From: Alexander Terekhov on

Andy Glew wrote:
[...]
> I think that the overall intention is that placing MFENCE before and
> after every memory reference is supposed to get you SC semantics.

But without remote write atomicity, I suppose. And, BTW, that's what
revised Java volatiles do. I mean JSR-133 memory model.

> However, MFENCE, LFENCE, and SFENCE were defined after my time, and I
> suspect that their definitions are not quite complete enough for what
> you want. In particular, *FENCE really only work wrt WC cacheable
> memory, and do not drain external buffers such as may occur in bus
> bridges.

My reading of the specs is that MFENCE is guaranteed to provide
store-load barrier.

P1: X = 1; R1 = Y;
P2: Y = 1; R2 = X;

(R1, R2) = (0, 0) is allowed under pure PC, but

P1: X = 1; MFENCE; R1 = Y;
P2: Y = 1; MFENCE; R2 = X;

(R1, R2) = (0, 0) is NOT allowed.

> In general, the P6 and Wmt families' mechanism for ensuring
> ordering, waiting for global observability, only works for perfectly
> vanilla WC cacheable memory, and is frequently violated wrt other
> memory types. So I do not want to guarantee that it will work for
> things like WC cached memory that is private to a graphics
> accelerator.

I want to know whether MFENCE provides store-load barrier for WB
memory.

>
> You may be right that using the cmpxchg as you describe achieves SC on
> x86. However, I need to think about it a bit more, since the
> reasoning you provide is implementation specific, not architectural.

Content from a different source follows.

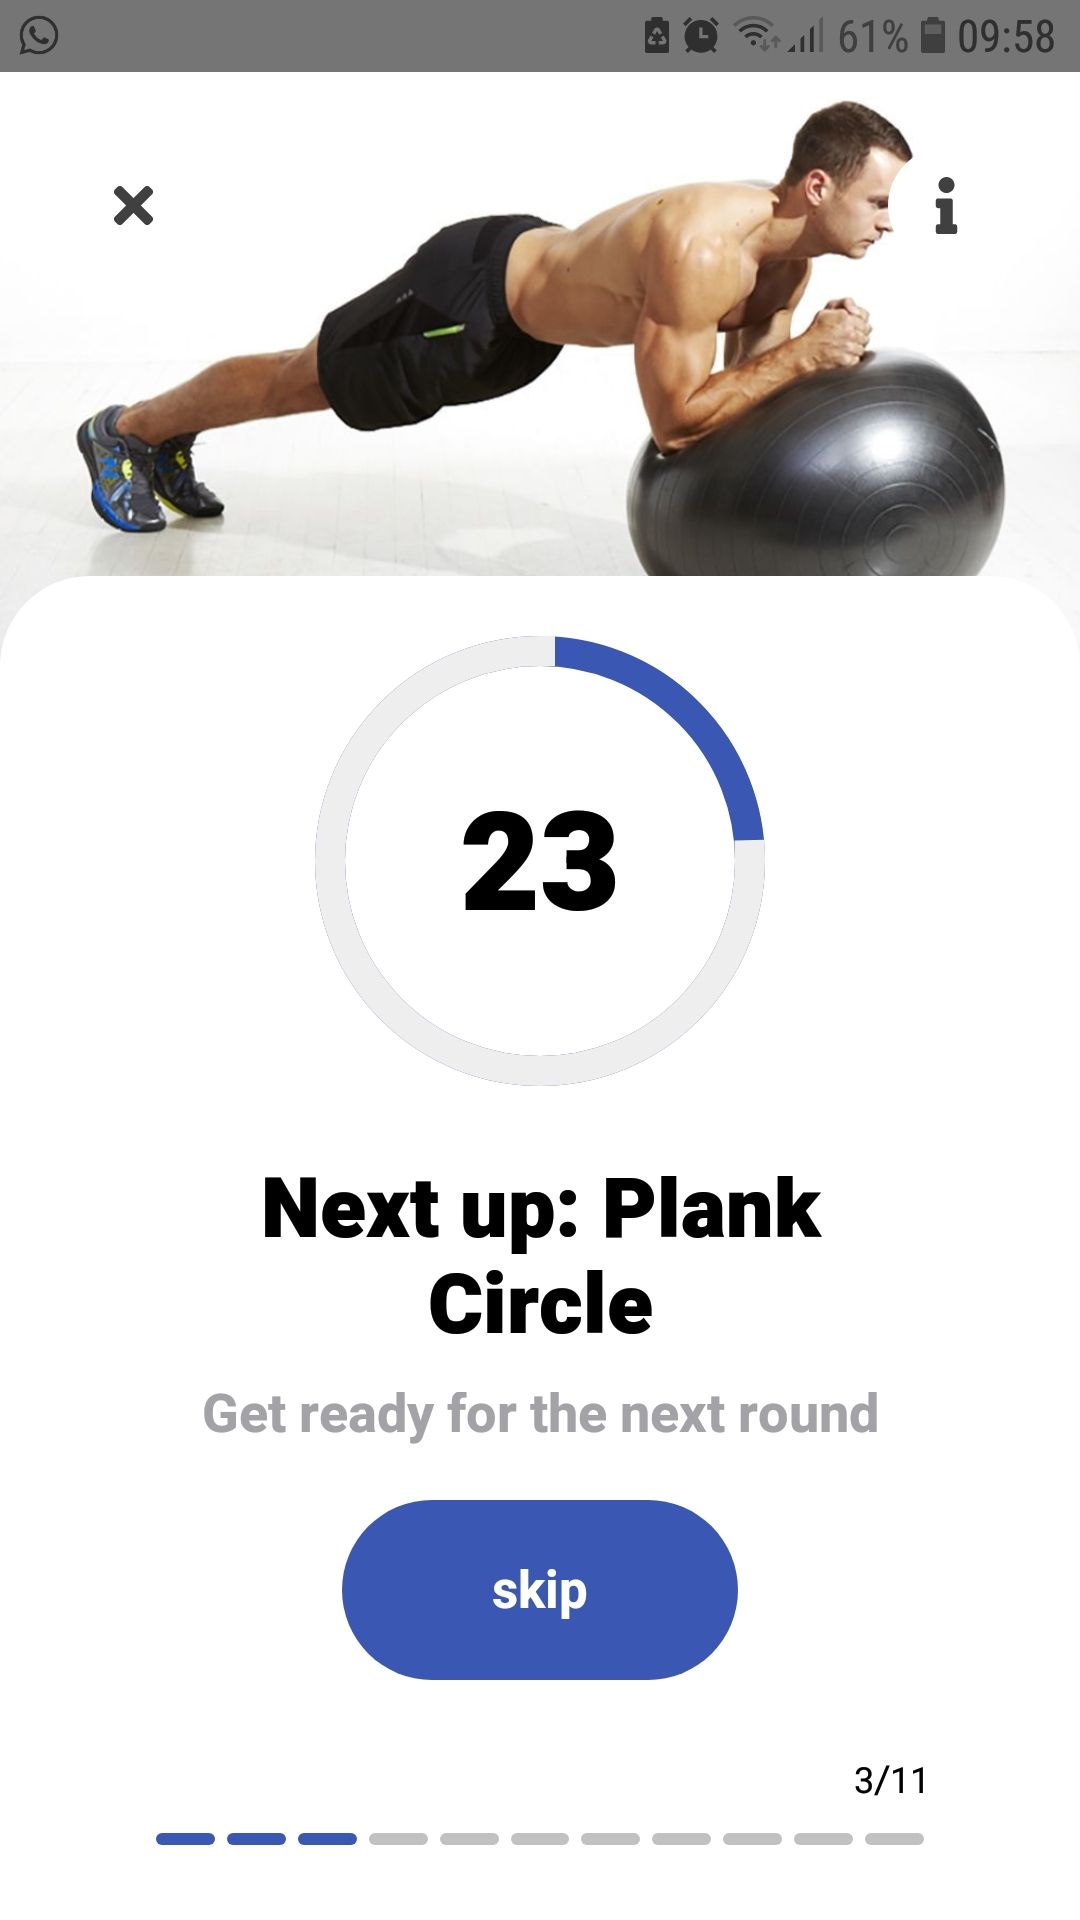 Stability Ball Workout Plan mobile fitness app plank

I'm just reading the specs.

CMPXCHG on x86 always performs a (hopefully StoreLoad+LoadLoad fenced)
load followed by a (LoadStore+StoreStore fenced) store (plus trailing
MFENCE, so to speak). Locked CMPXCHG is supposed to be "fully fenced".

Regarding safety net for remote write atomicity, I rely on the
following CMPXCHG wording:

"The destination operand is written back if the comparison fails;
otherwise, the source operand is written into the destination.
(The processor never produces a locked read without also
producing a locked write.)"

I suspect that (locked) XADD(addr, 0) will also work... but I'm
somewhat missing strong language about mandatory write as in CMPXCHG.

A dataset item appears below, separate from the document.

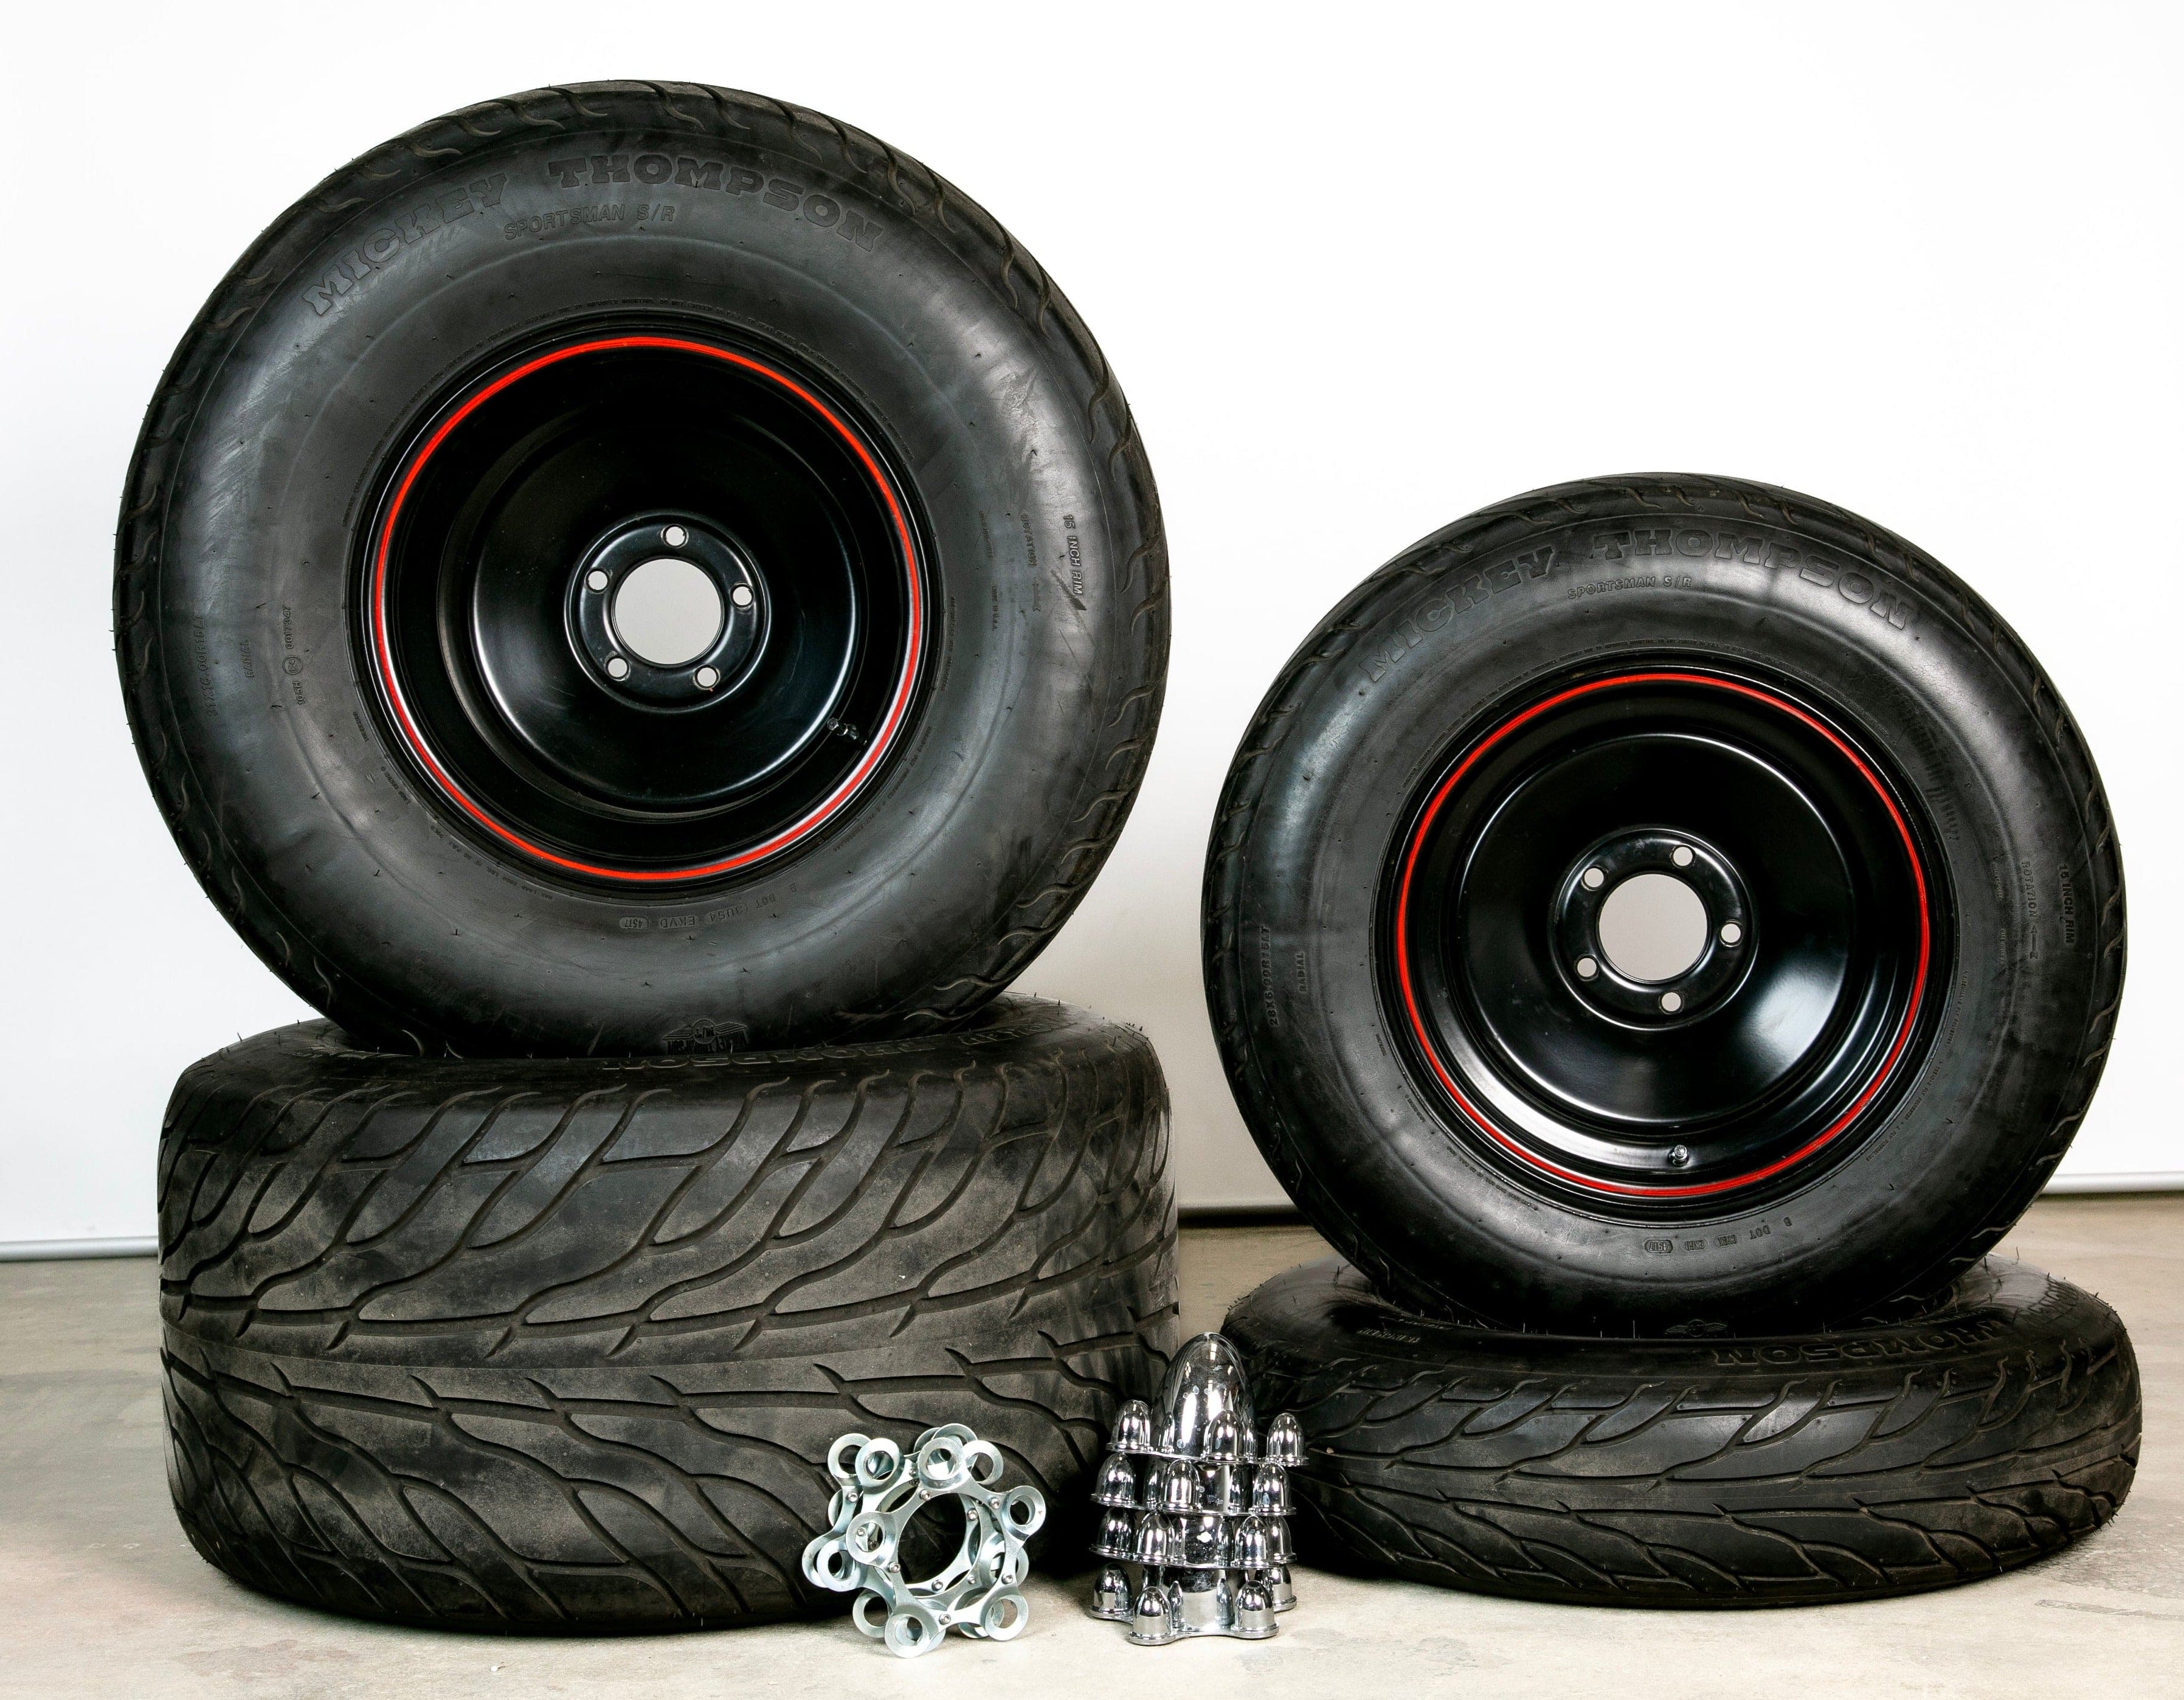 Micky Thompson Sportsman S/R Tires with steel hot rod Wheels (Black) #0425

[... cmpxchg could well be implemented without any fencing ...]

"Locked operations are atomic with respect to all other memory
operations and all externally visible events. Only instruction
fetch and page table accesses can pass locked instructions. Locked
instructions can be used to synchronize data written by one
processor and read by another processor.

For the P6 family processors, locked operations serialize all
outstanding load and store operations (that is, wait for them to
complete). This rule is also true for the Pentium 4 and Intel Xeon
processors, with one exception: load operations that reference
weakly ordered memory types (such as the WC memory type) may not
be serialized."

> You are confusing implementation with semantics.

Fix the specs, then.

And explain how can one achieve classic SC semantics for WB memory.

regards,
alexander.
From: David Hopwood on
Joe Seigh wrote:
> David Hopwood wrote:
>> Joe Seigh wrote:
>>
>>> I'm not sure what you're saying here. That all future processors
>>> from Intel that don't have processor ordering won't be x86?
>>
>> Well, they won't be x86-as-we-know-it. OSes, compilers, etc. will
>> have to be changed to run on or generate code for this new x86-like
>> thing, and changes in the memory model will probably be only one issue
>> they need to deal with.
>>
>>> And that the synchronization intructions in these future processors
>>> won't be similar to the one's in x86? That Intel is telling people
>>> in an x86 manual to start writing portable code not now but when
>>> they get to the future processor?
>>
>> Of course not. Read what they actually wrote.
>
> I did. It sounded to me like they said if you want to write
> portable code, don't assume processor ordering but use the
> locking and serializing instructions instead on the current
> processors.

But OSes, thread libraries and language implementations *aren't* portable
code.

--
David Hopwood <david.nospam.hopwood(a)blueyonder.co.uk>
From: Joe Seigh on
David Hopwood wrote:
> Joe Seigh wrote:
>
>> David Hopwood wrote:
>>>
>>> Of course not. Read what they actually wrote.
>>
>>
>> I did. It sounded to me like they said if you want to write
>> portable code, don't assume processor ordering but use the
>> locking and serializing instructions instead on the current
>> processors.
>
>
> But OSes, thread libraries and language implementations *aren't* portable
> code.
>

I do not think that word means what you think it means.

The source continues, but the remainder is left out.